Muy pronto estas emisoras (agrupadas básicamente en tres cadenas o networks: American Broadcasting Company, ABC; Columbia Broadcasting System, CBS; y National Broadcasting Company, NBC) comprenden que las noticias televisadas, como cualquier otro tipo de emisión, pueden convertirse en una fuente importante de beneficios. Se dan cuenta de que la competencia con los demás medios de comunicación de masas, sobre todo la prensa escrita, en el reparto del maná publicitario exige desarrollar precisamente la especificidad de este espacio, la información, y conquistar para el seguimiento de los telediarios a millones de lectores de periódicos.

El sector de la información va a experimentar a partir de entonces un desarrollo espectacular. Al principio, el telediario se parecía a un diario hablado de la radio: la cámara encuadraba a un presentador que, levantando la cabeza de vez en cuando, se limitaba a leer las noticias de la jornada, redactadas por un periodista. Luego se incorporaron imágenes, primero mapas y diagramas, después fotografías y, por último, fragmentos filmados de reportajes de actualidad cuya función primordial era ilustrar el comentario escrito, sin ninguna continuidad entre ellos.

El recurso al material filmado, que debía ser sometido a un lento proceso de laboratorio, privaba a la televisión de la posibilidad de ilustrar inmediatamente los acontecimientos tratados a lo largo del telediario.

La invención del vídeo

Hubo que esperar hasta 1957 para que la casa Ampex, al lanzar al mercado el primer magnetoscopio (vídeo), permitiese al fin la grabación magnética de las imágenes y su difusión diferida. La televisión supo entonces sacarle provecho al mito principal que encarnaba: el de la emisión en directo. Multiplicó el número de acontecimientos (sobre todo deportivos y políticos) transmitidos en directo.
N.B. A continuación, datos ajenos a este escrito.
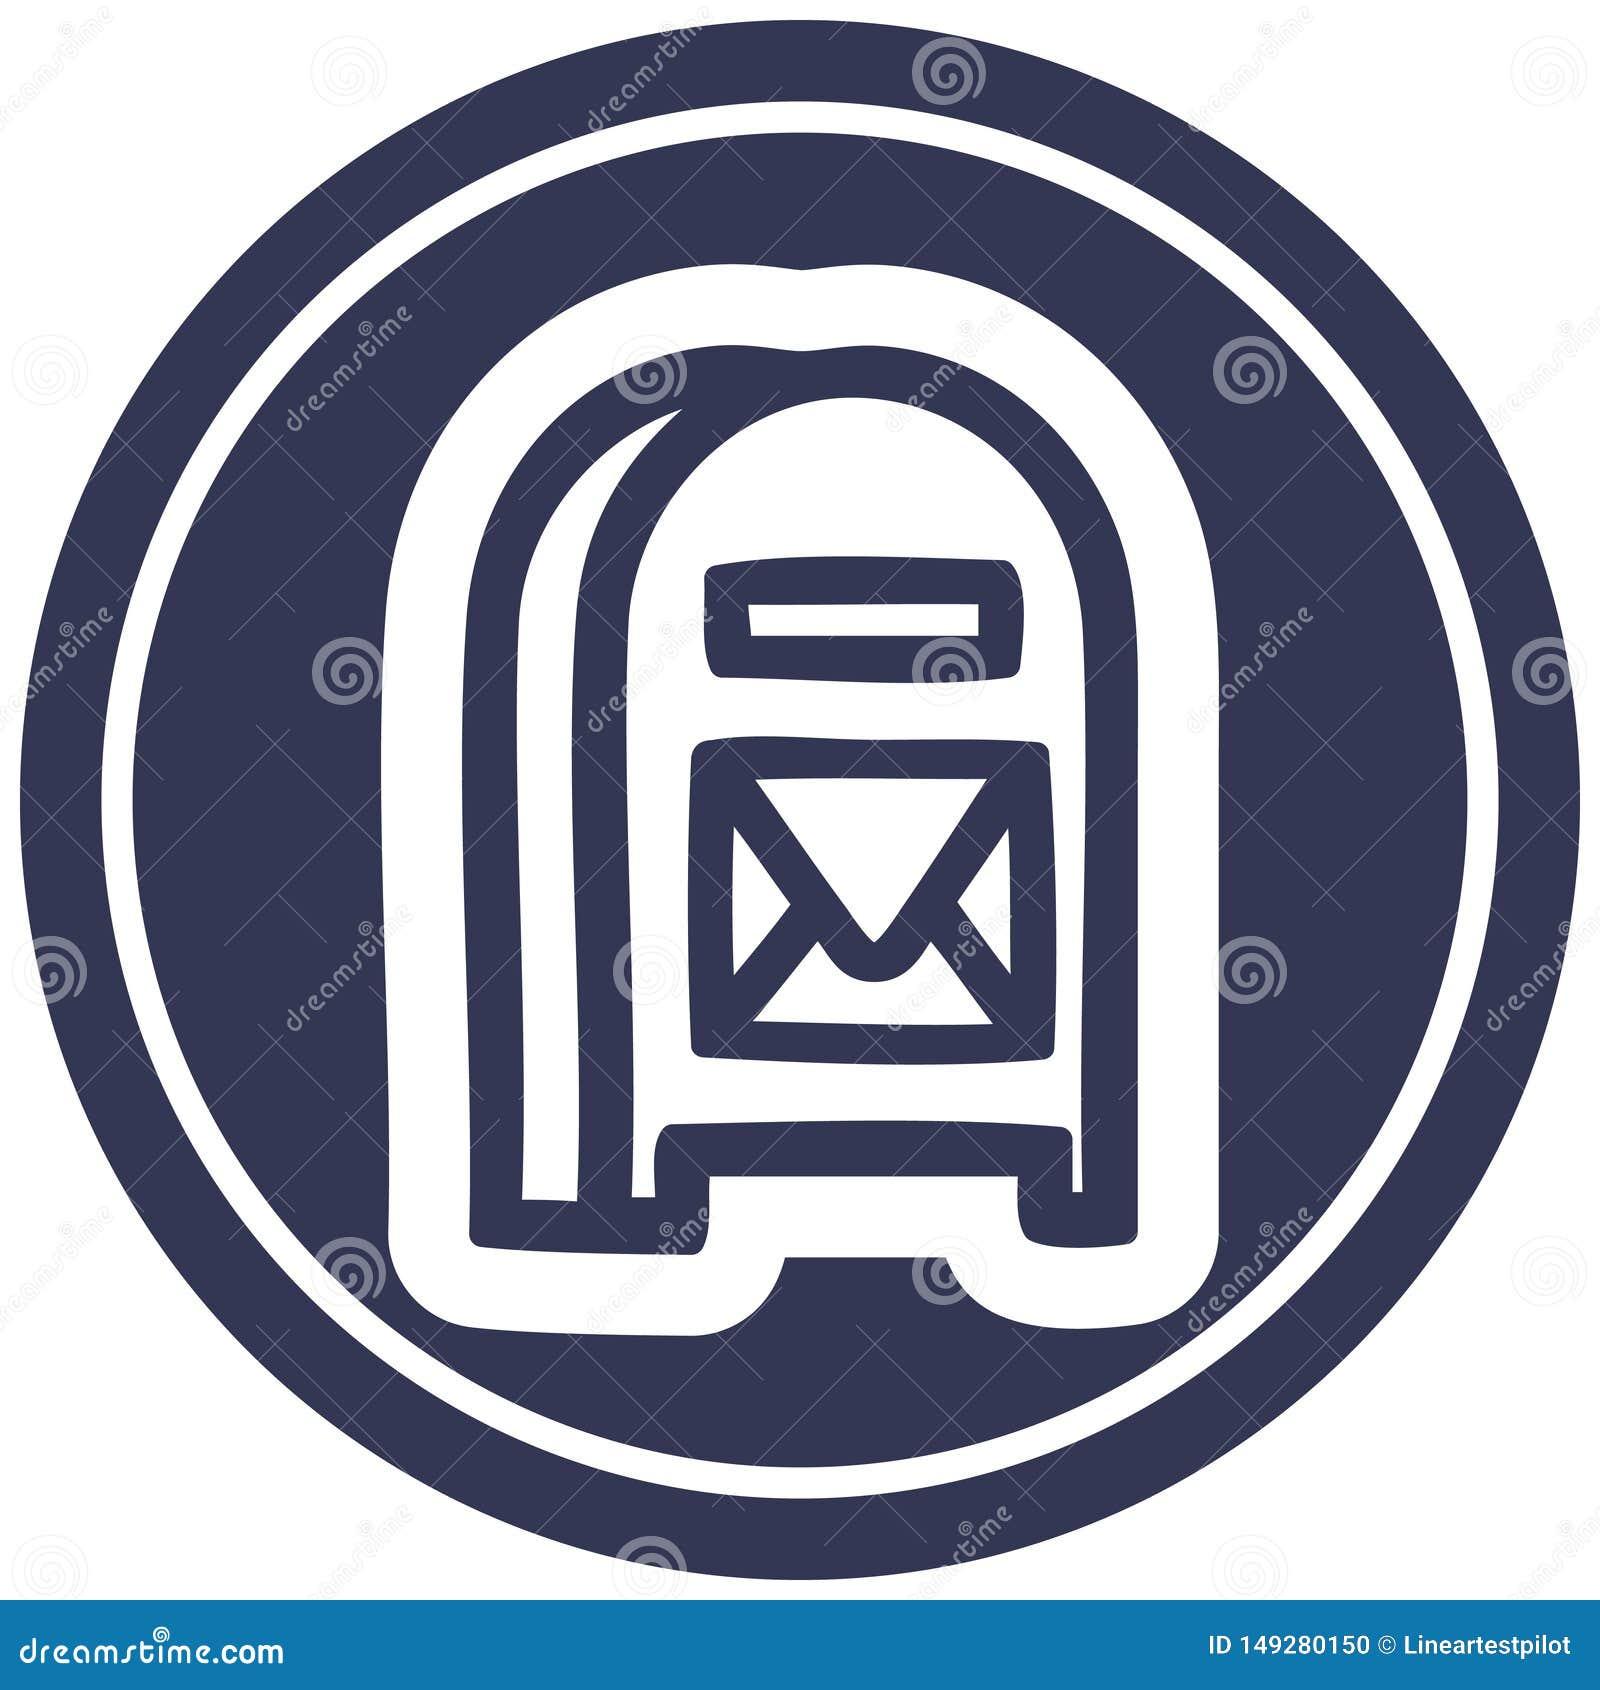 mail box circular icon

En Estados Unidos, una red de repetidores hertzianos hizo posible, desde 1951, la transmisión directa de imágenes desde una costa a otra del país, de Nueva York a San Francisco. En 1952, la política se incorporó a la era de la televisión. «Las convenciones, republicana y demócrata, de 1952 fueron un breve momento de gloria en la infancia de la televisión», cuenta Walter Cronkite, el primer presentador de un noticiario televisivo, «antes de que los políticos descubrieran su inmenso potencial y decidieran intentar controlarla. Por vez primera, millones de estadounidenses vieron la democracia en acción a la hora de elegir a sus candidatos presidenciales» (20). La maravilla de la instantaneidad fascinó a los primeros telespectadores y otorgó a los acontecimientos mostrados en el telediario la fuerza de una evidencia única en los medios de comunicación de masas. La transmisión en directo aumentaba también la credibilidad de las noticias y hacía de la televisión (gracias al telediario) el espejo de la realidad, el fiel reflejo del mundo.

El rey de los programas

De esta forma, a lo largo de los años sesenta y setenta, el telediario se transformó en el rey de los programas de televisión, en la locomotora que arrastraba tras ella a toda la programación y que, a primera hora de la noche, concentraba a la audiencia más importante. Su extraordinario éxito entre un público muy amplio (en las grandes democracias, hasta mediados de los años noventa, el 87 por 100 de los ciudadanos lo veía regularmente) reside en parte en la eficacia de técnicas periodísticas absolutamente específicas.